The prevalence of these disorders and their association with coexisting disorders, role impairment, and suicidal thinking suggest that eating disorders represent a major public health concern. In addition, the significant rates of subthreshold eating conditions support the notion that eating disorders tend to exist along a spectrum and may be better recognized by doctors if they included a broader range of symptoms. In addition, the findings clearly underscore the need for better access to treatment specifically for eating disorders.

Posted by on May 19, 2010 - 8:00am

You may have seen the cover article on our Spring Newsletter titled “Spotlight on Obesity: Is it just your weight?”  This article focuses not only on the epidemic of obesity in the U.S. but also on the serious health conditions that may result from obesity.  Although obesity is on the rise, however, eating disorders such as anorexia and bulimia still continue to be a problem, especially in women.  According to the National Alliance for the Mentally Ill (2003) 90 percent of individuals with eating disorders are women between the ages of 12 and 25.  Eating disorders are closely correlated with depression, substance abuse, and anxiety disorders, so it is important to diagnose and treat early.

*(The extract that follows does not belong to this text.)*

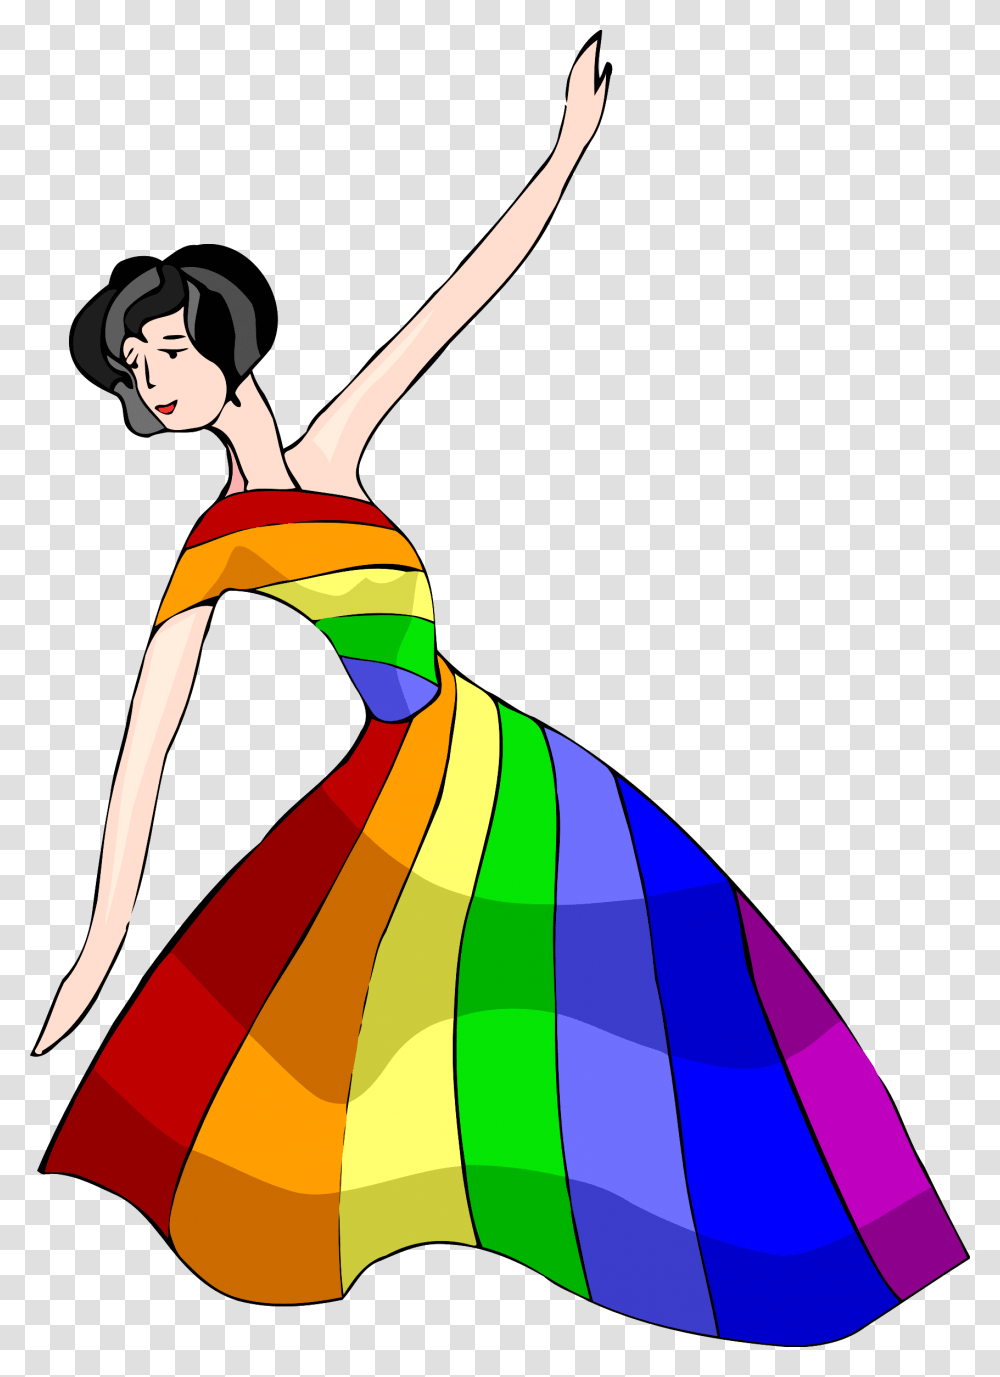 Great Dancer In Rainbow Dress Vector Clipart Image Rainbow Dress Clipart, Person, Human, Dance Pose, Leisure Activities Transparent Png
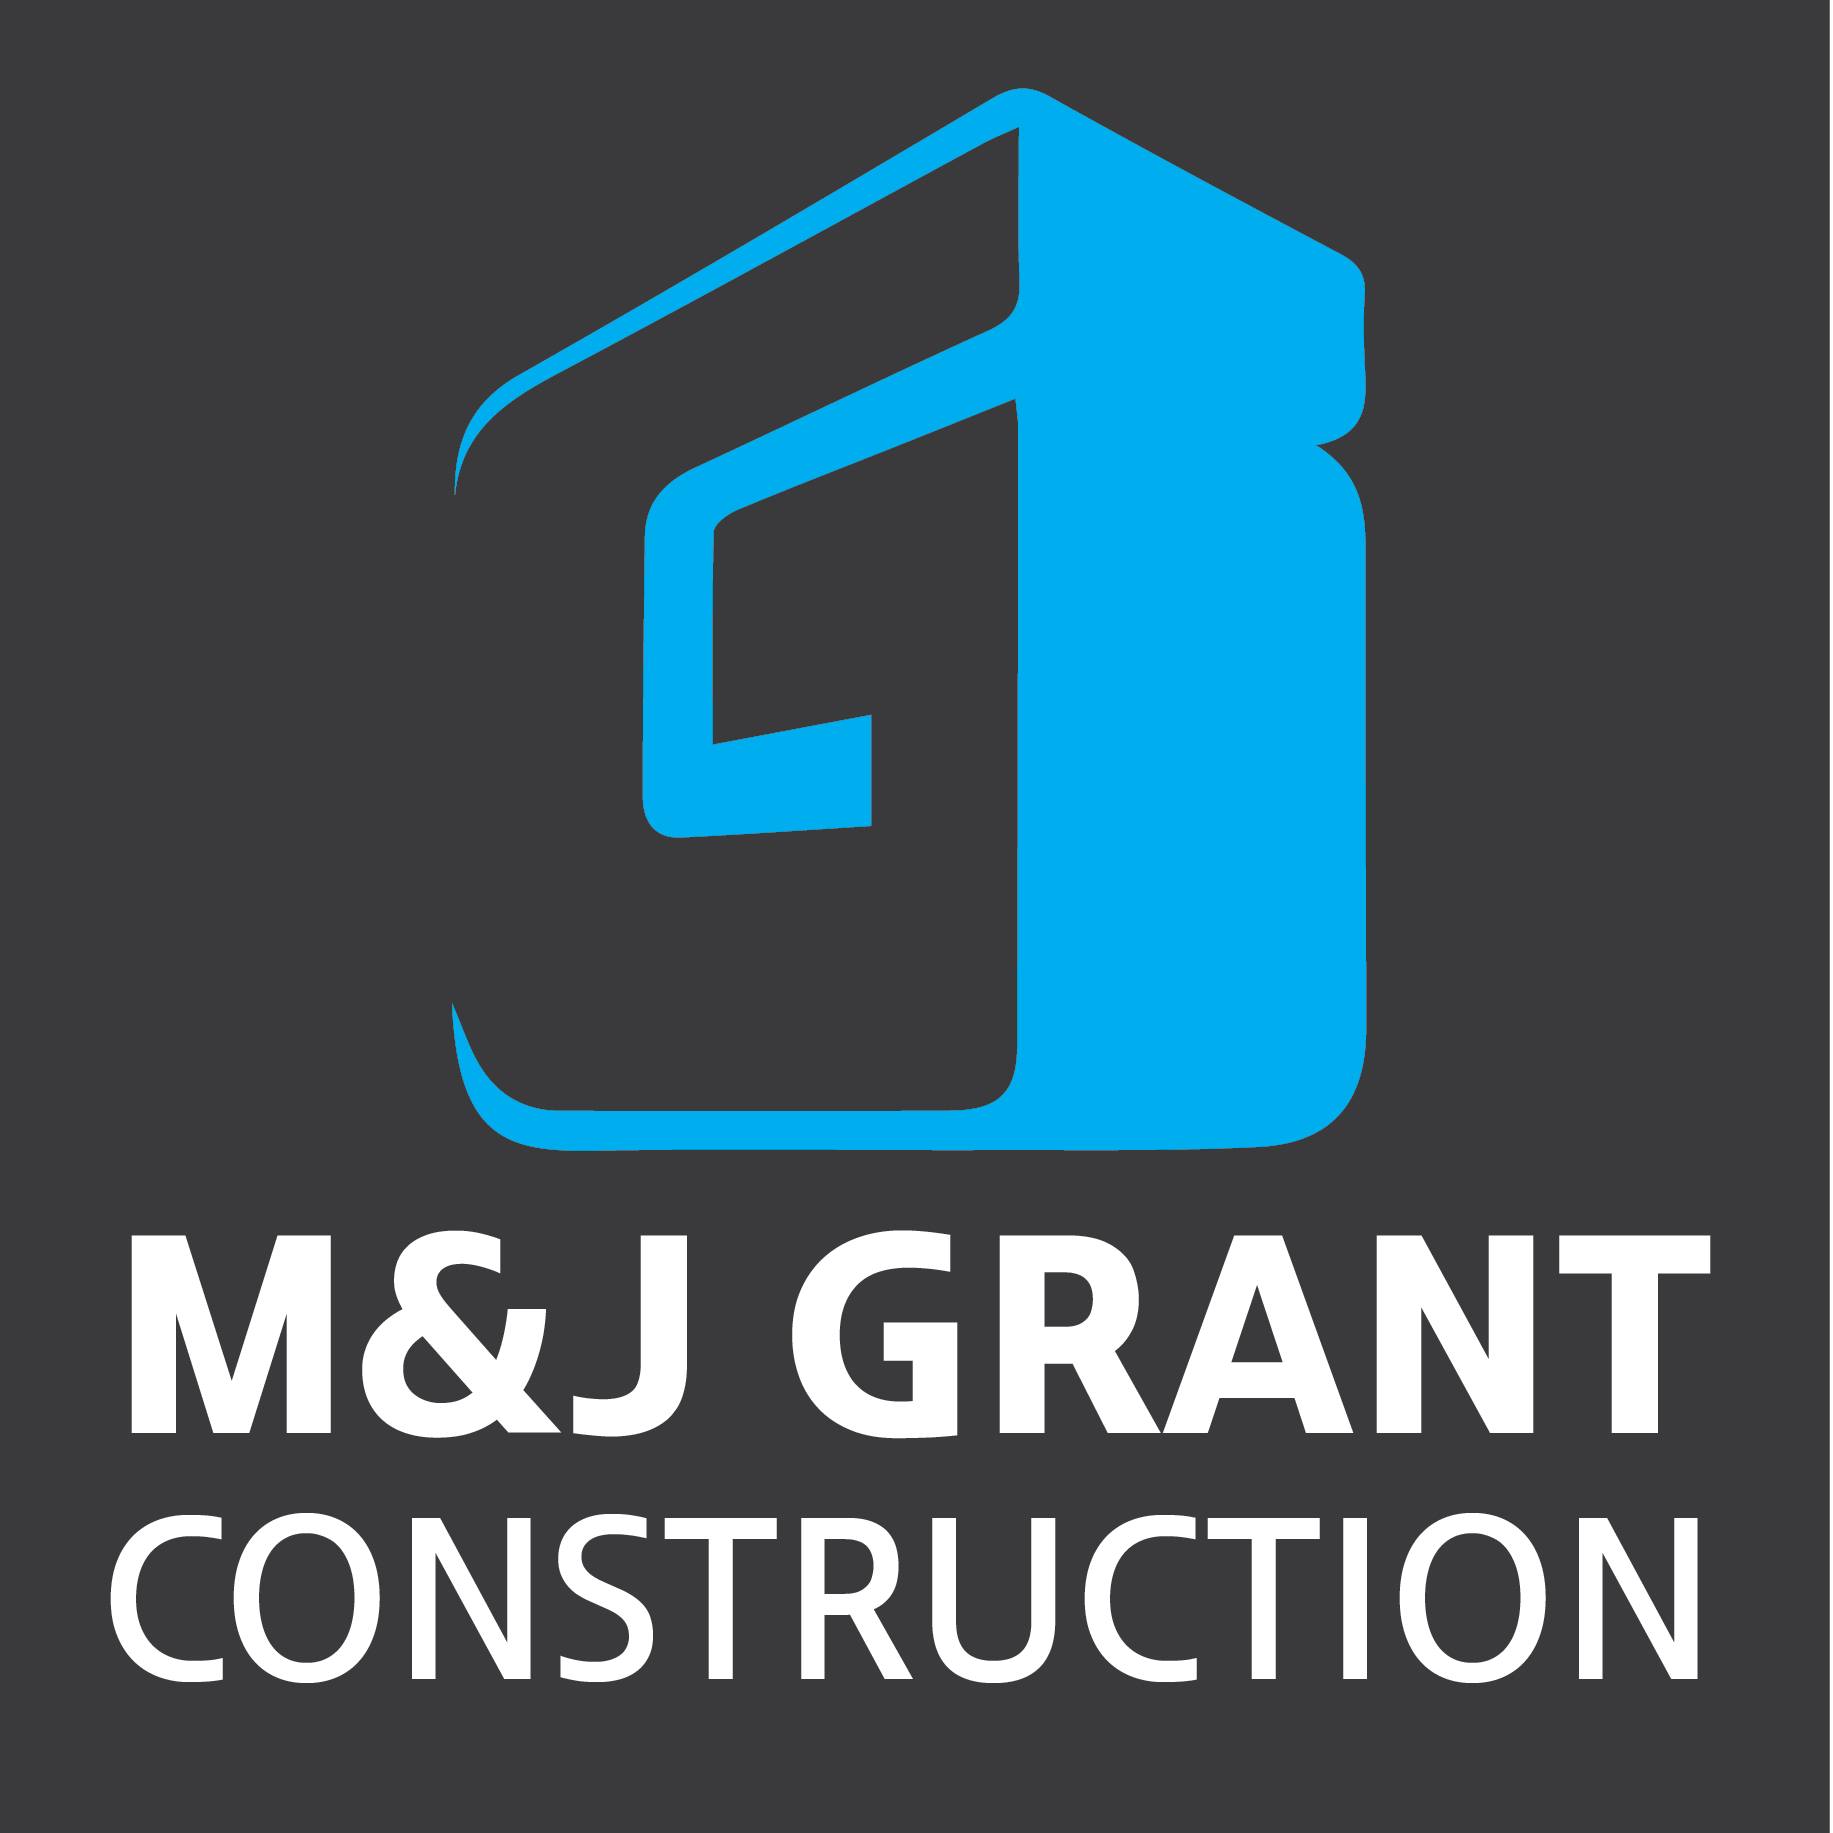 M & J Grant Construction

The most common disorders are anorexia nervosa, bulimia nervosa, and binge-eating.  You may already be familiar with these disorders, but they are listed below along with some the complications that may arise.

Anorexia nervosa is a disorder categorized by obsession with weight and food causing individuals to starve themselves or to exercise excessively in order to maintain a weight typically far below the normal weight range for their height and age.  Complications of anorexia include, heart problems, anemia, permanent bone loss, malnourishment, absent menstruation and death.

Bulimia nervosa is categorized by periods of binge eating followed by vomiting or excessive exercise to get rid of extra calories or weight.  Individuals with bulimia are similarly obsessed with weight and food.  Both disorders are closely tied to self-image and thus may be difficult to treat.  Complications of bulimia include heart problems, digestive problems, tooth decay, absent menstruation and death.

Binge-eating disorder is still not considered a psychiatric condition, but may be treated similarly to bulimia and anorexia.  Binge-eaters tend to consume unusually large amounts of food on a consistent basis.  This disorder may lead to obesity and complications associate with obesity such as high blood pressure, diabetes, and heart disease.  In addition binge-eating disorder can cause psychological problems such as depression and suicidal thoughts.

Although the term eating disorder usually means one of the three disorders listed above, the term disordered eating is used to describe a variety of eating abnormalities that do not necessarily fall into, or are not severe enough to be categorized as one of the typical eating disorders.  Disordered eating may not be as serious in terms of complications, but it may lead to more serious eating disorders if left untreated or unaddressed.  According to a survey conducted by Self Magazine and the University of North Carolina, as many as 65% of American women between 25 and 45 exhibit disordered eating behaviors.  Women should not be afraid to seek help for issues they may have with eating, even if they do not think it is a severe eating disorder.  As peers, we should be supportive of women who are suffering from these diseases, and help them to overcome their issues.